Abousaber Inam, Abdallah Haitham F, El-Ghaish Hany
Department of Information Technology, Faculty of Computers and Information Technology, University of Tabuk, Tabuk, Saudi Arabia.
Department of Electronics and Electrical Communication, Higher Institute of Engineering and Technology, Kafr El Sheikh, Egypt.
Front Artif Intell. 2025 Jan 7;7:1499530. doi: 10.3389/frai.2024.1499530. eCollection 2024.
Diabetes prediction using clinical datasets is crucial for medical data analysis. However, class imbalances, where non-diabetic cases dominate, can significantly affect machine learning model performance, leading to biased predictions and reduced generalization.

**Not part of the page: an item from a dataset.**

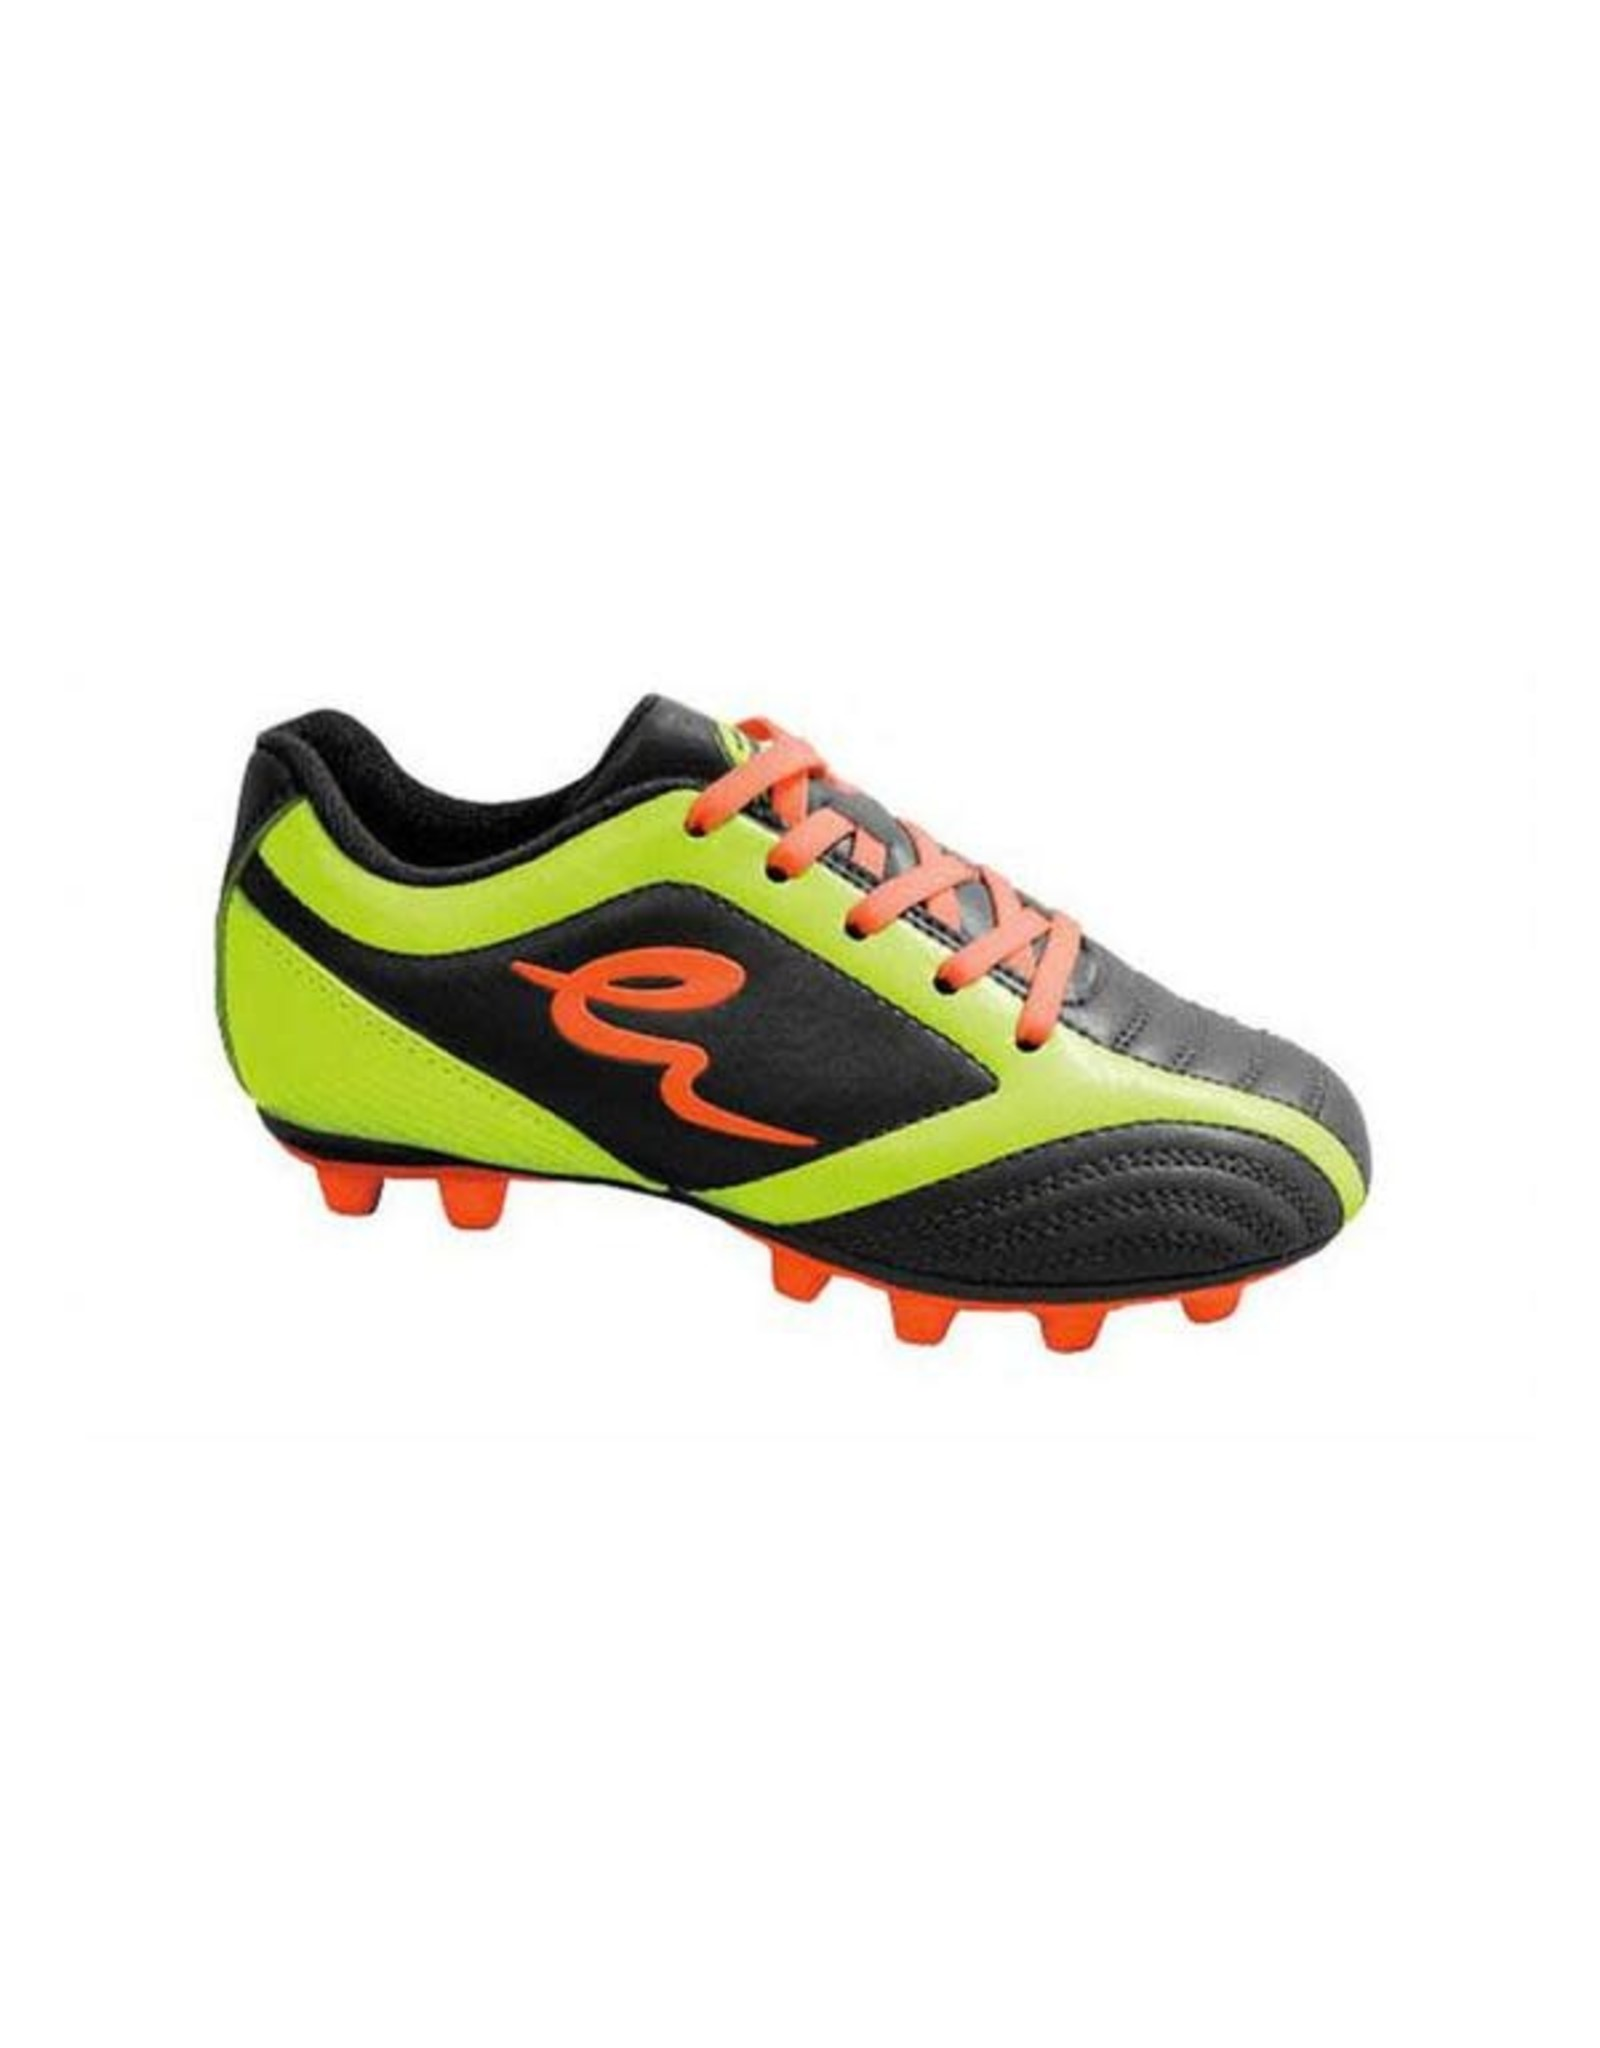 Eletto Eletto Outdoor Shoes Mondo II RB Junior Cleats (Black/Fluo Yellow)

A novel predictive framework employing cutting-edge machine learning algorithms and advanced imbalance handling techniques was developed. The framework integrates feature engineering and resampling strategies to enhance predictive accuracy.
Rigorous testing was conducted on three datasets-PIMA, Diabetes Dataset 2019, and BIT_2019-demonstrating the robustness and adaptability of the methodology across varying data environments.
The experimental results highlight the critical role of model selection and imbalance mitigation in achieving reliable and generalizable diabetes predictions. This study offers significant contributions to medical informatics by proposing a robust data-driven framework that addresses class imbalance challenges, thereby advancing diabetes prediction accuracy.
使用临床数据集进行糖尿病预测对于医学数据分析至关重要。然而,非糖尿病病例占主导的类不平衡情况会显著影响机器学习模型的性能,导致预测偏差和泛化能力下降。
开发了一种采用前沿机器学习算法和先进不平衡处理技术的新型预测框架。该框架集成了特征工程和重采样策略以提高预测准确性。
对三个数据集——皮马印第安人糖尿病数据集、2019年糖尿病数据集和2019年BIT数据集——进行了严格测试,证明了该方法在不同数据环境下的稳健性和适应性。
实验结果突出了模型选择和不平衡缓解在实现可靠且可泛化的糖尿病预测中的关键作用。本研究通过提出一个强大的数据驱动框架来应对类不平衡挑战,从而提高糖尿病预测准确性,为医学信息学做出了重大贡献。